Your assignment: Find the line containing "30 x 46 cm (11 ³/₄ x 18 ¹/₈ Zoll)" in the records below. Copy exactly that line and each one after it, ending at the line containing "Wie alle Pissarro-Künstler der zweiten", and nothing more.

Provided data:
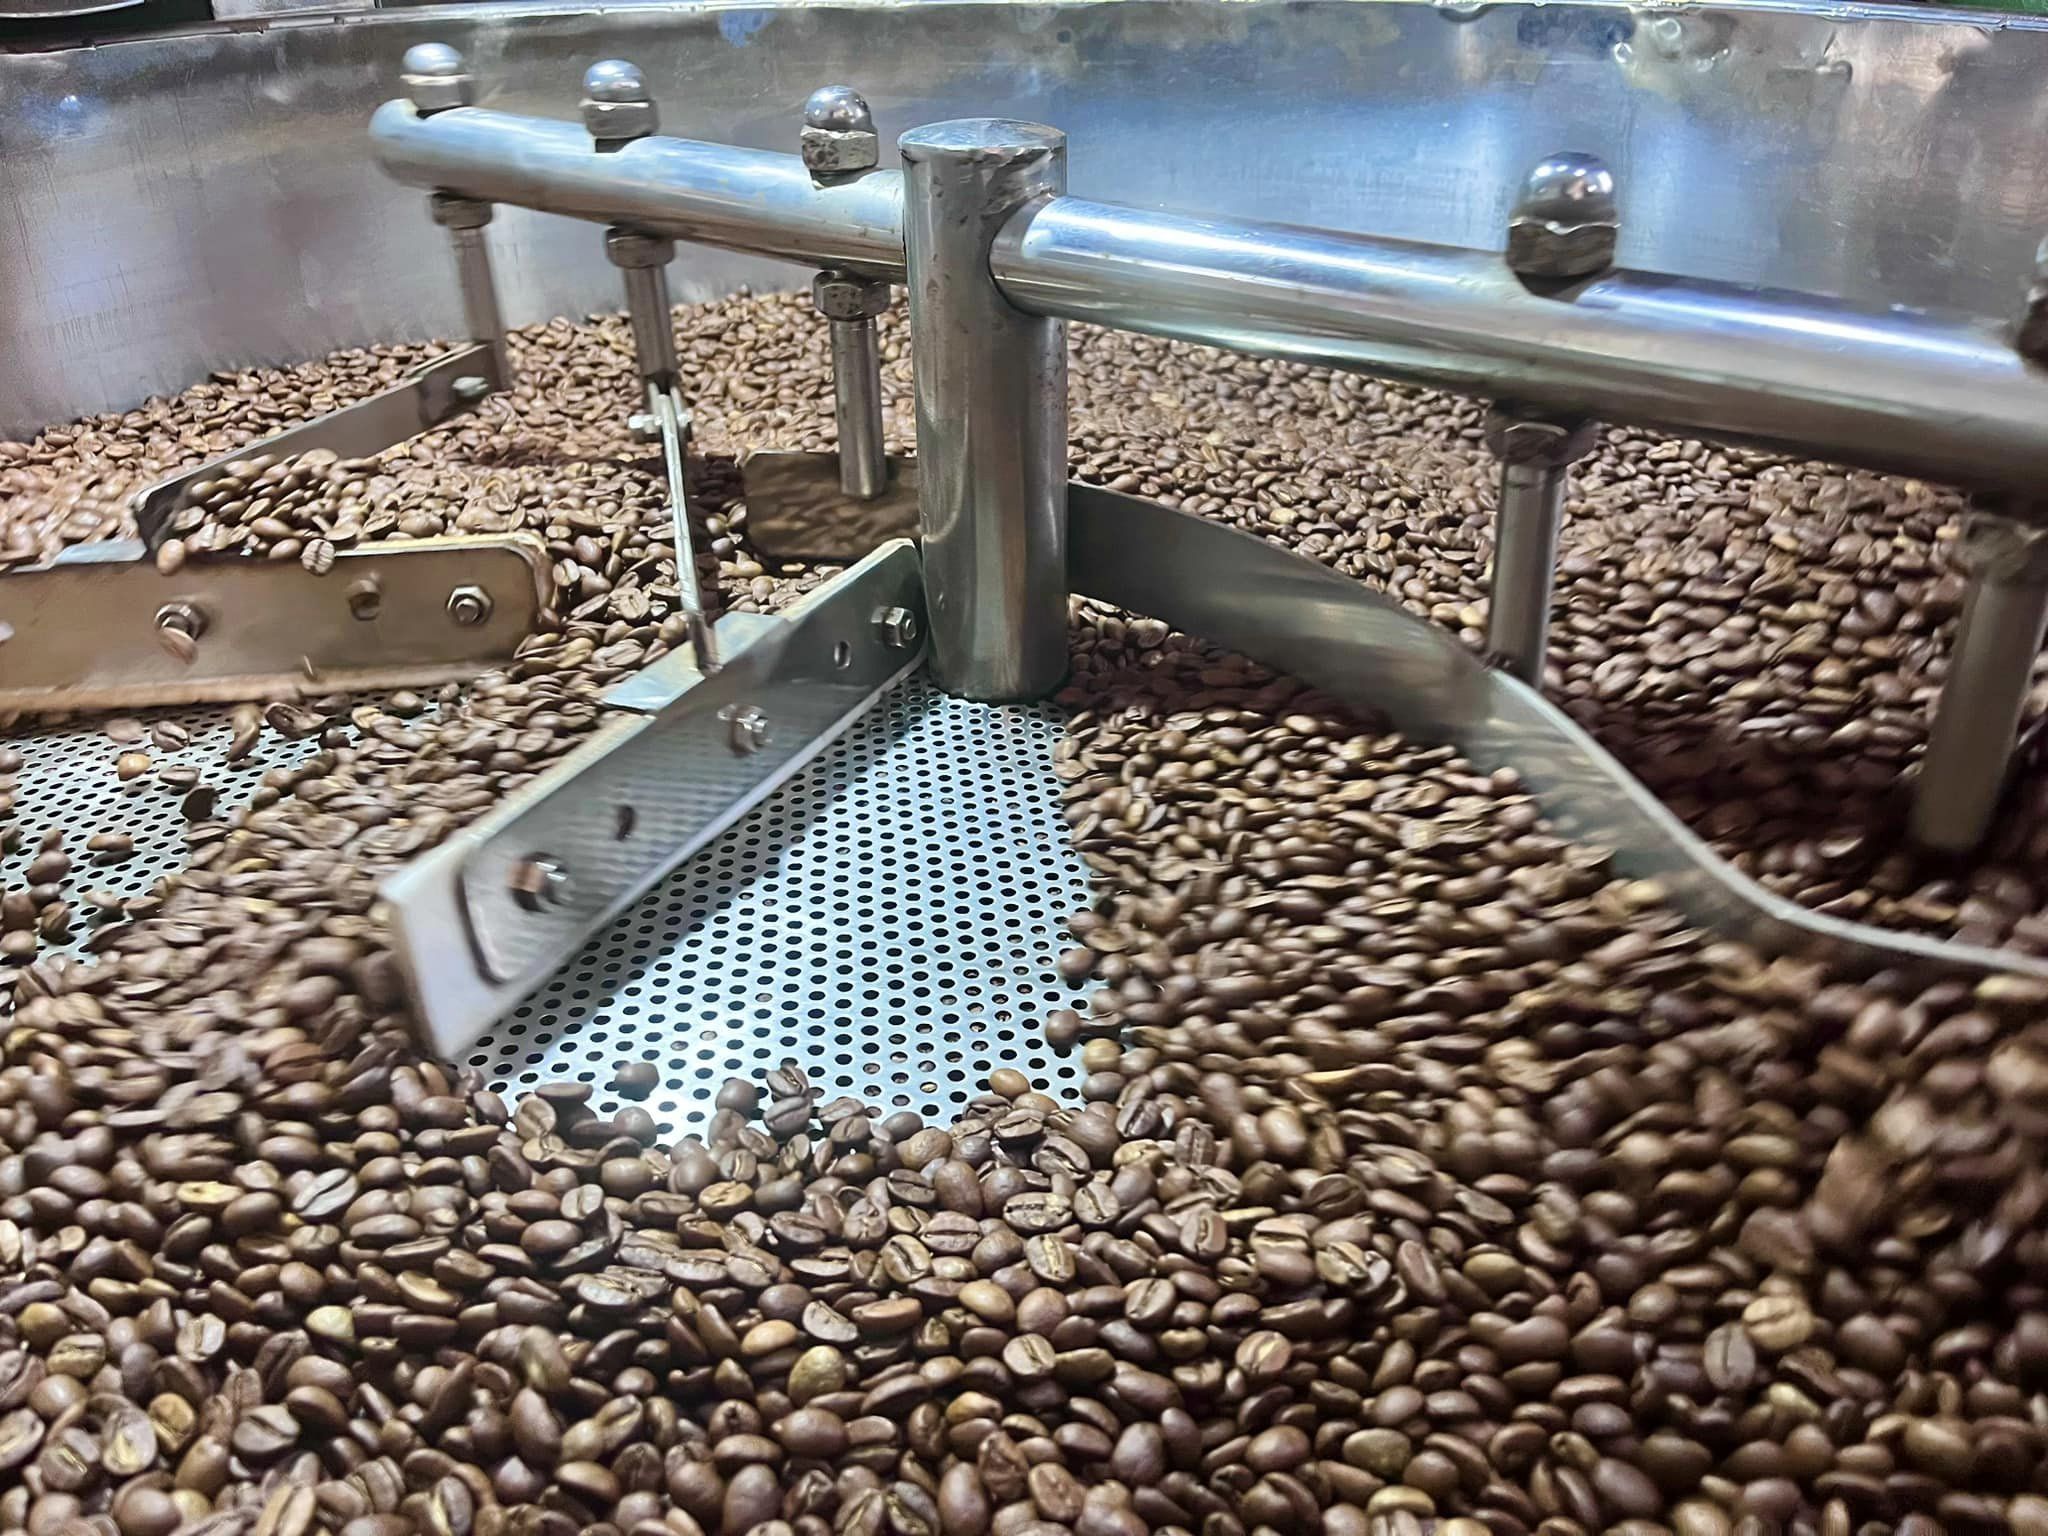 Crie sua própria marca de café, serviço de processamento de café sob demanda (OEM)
---
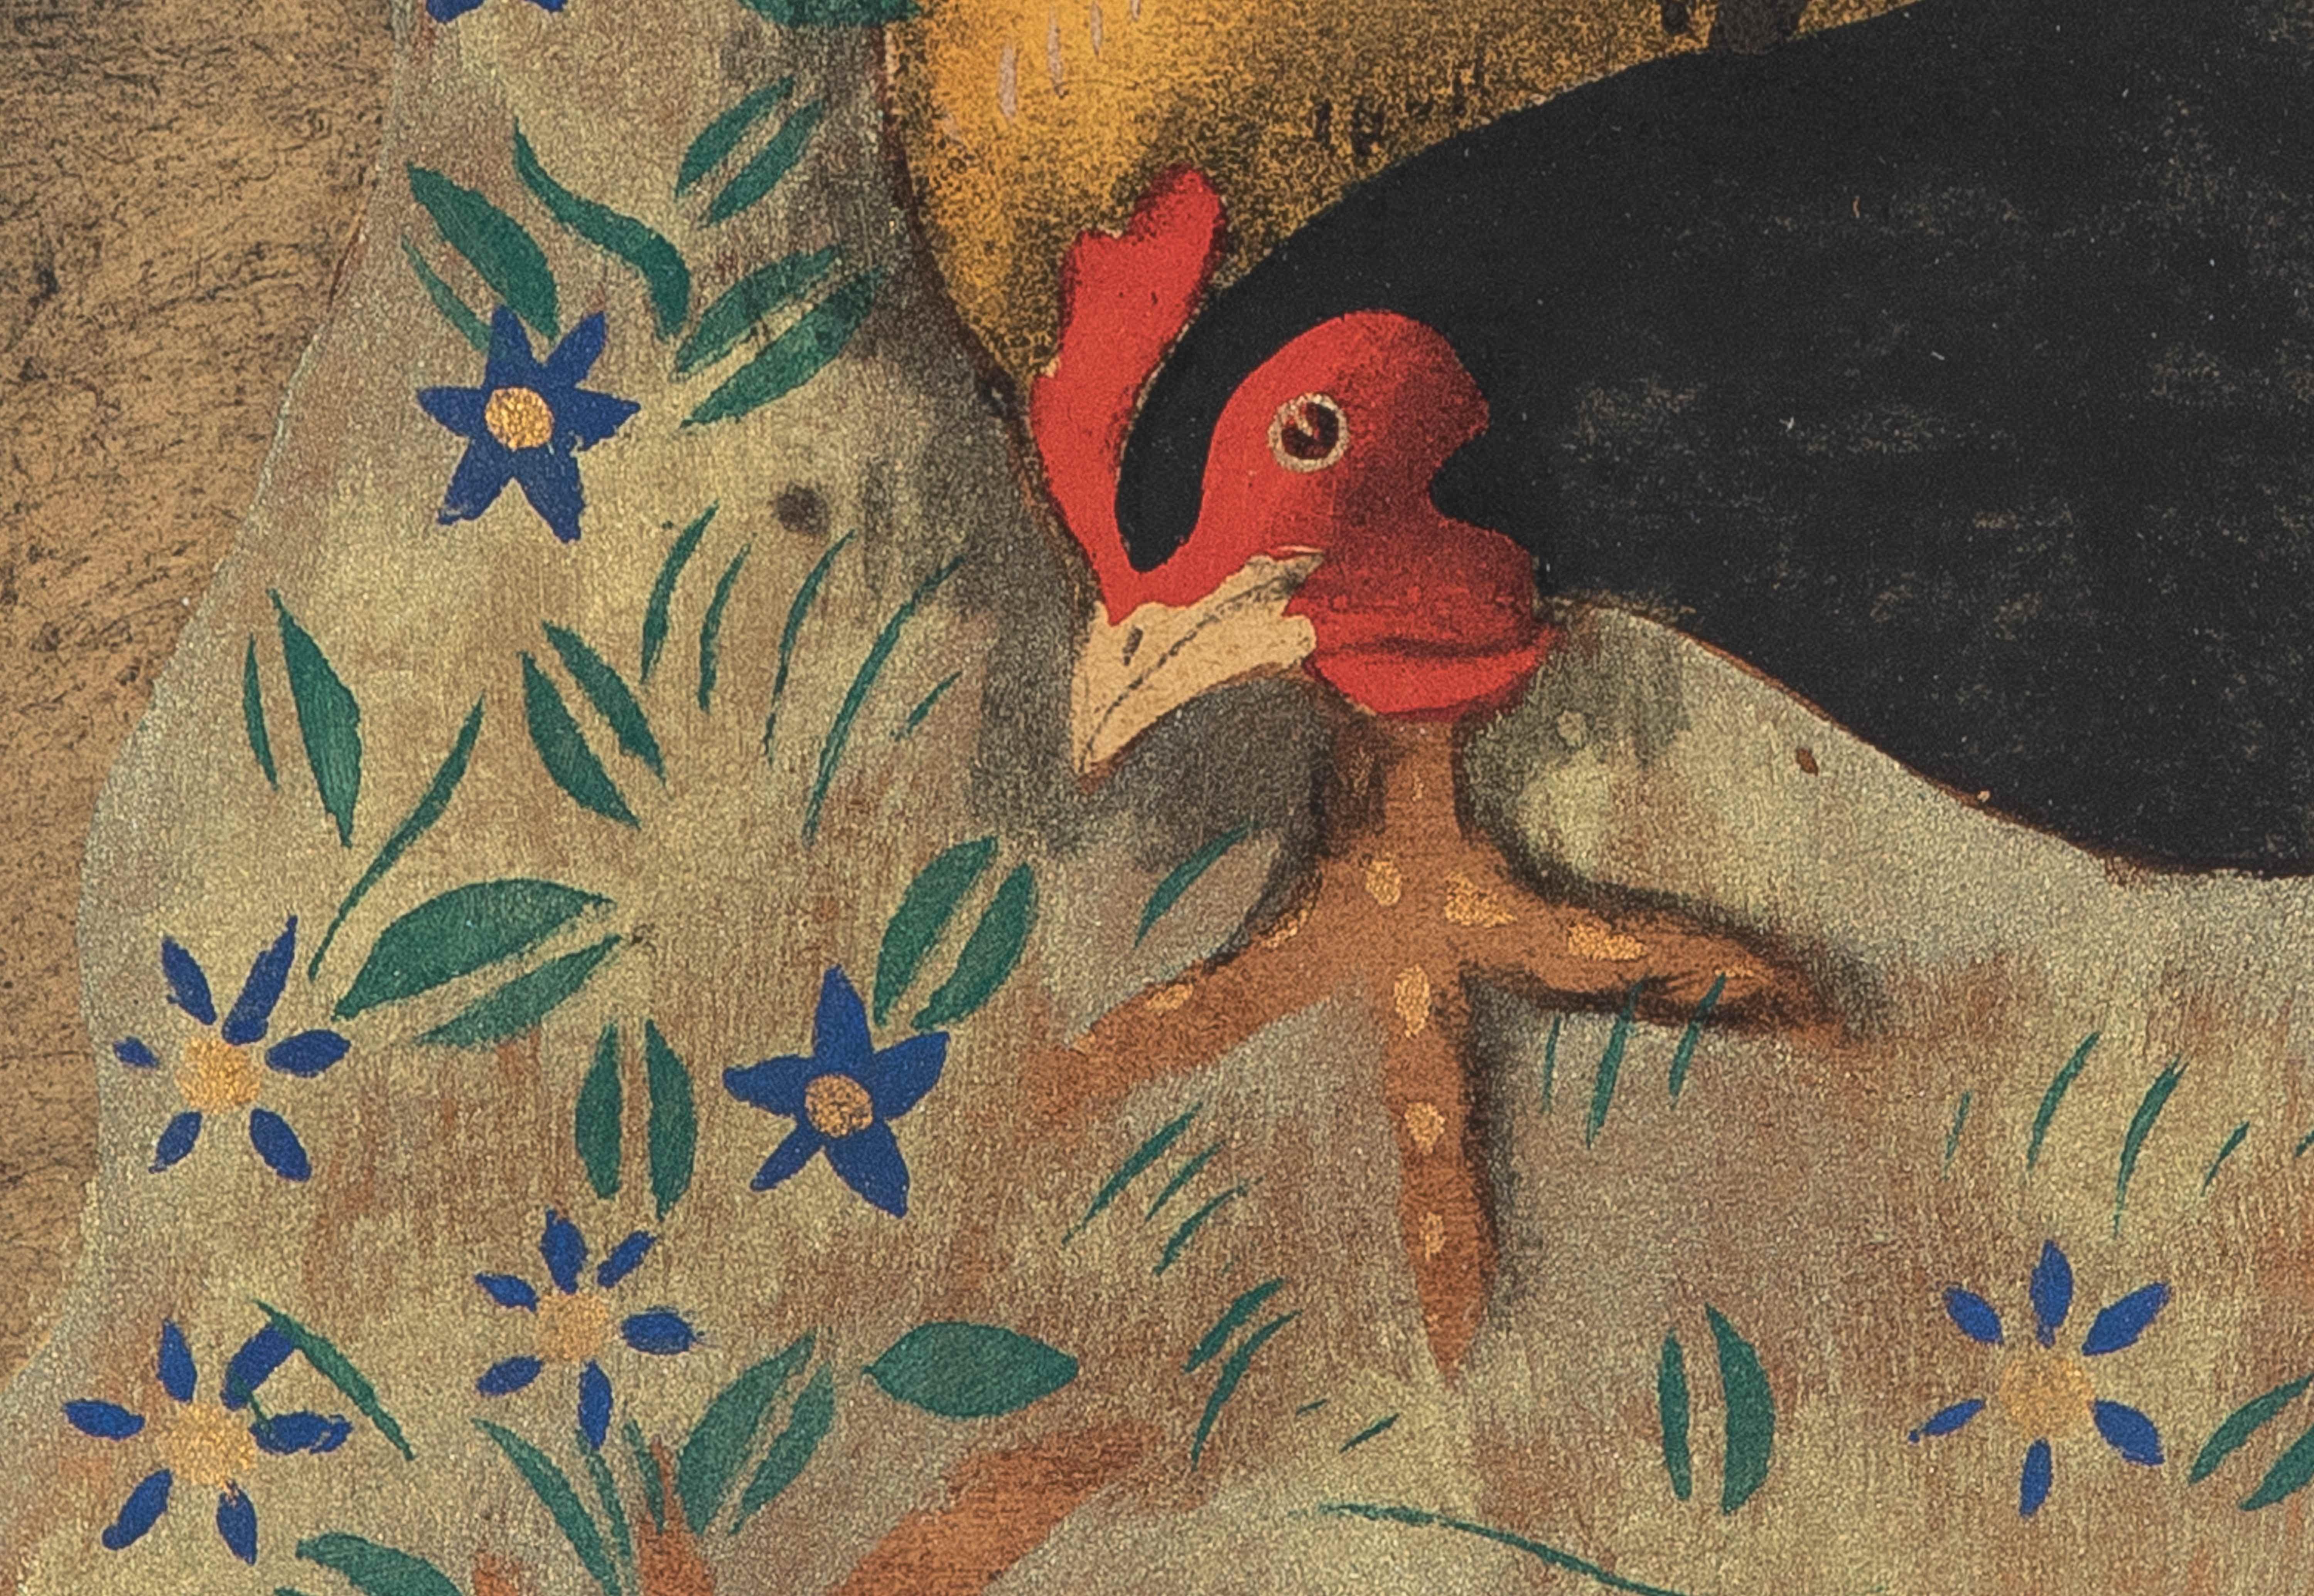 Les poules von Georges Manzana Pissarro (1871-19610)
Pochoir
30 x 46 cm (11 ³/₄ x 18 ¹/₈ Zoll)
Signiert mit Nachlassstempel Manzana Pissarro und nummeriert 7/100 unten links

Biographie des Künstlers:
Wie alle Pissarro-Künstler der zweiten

Finished exercise:
30 x 46 cm (11 ³/₄ x 18 ¹/₈ Zoll)
Signiert mit Nachlassstempel Manzana Pissarro und nummeriert 7/100 unten links

Biographie des Künstlers:
Wie alle Pissarro-Künstler der zweiten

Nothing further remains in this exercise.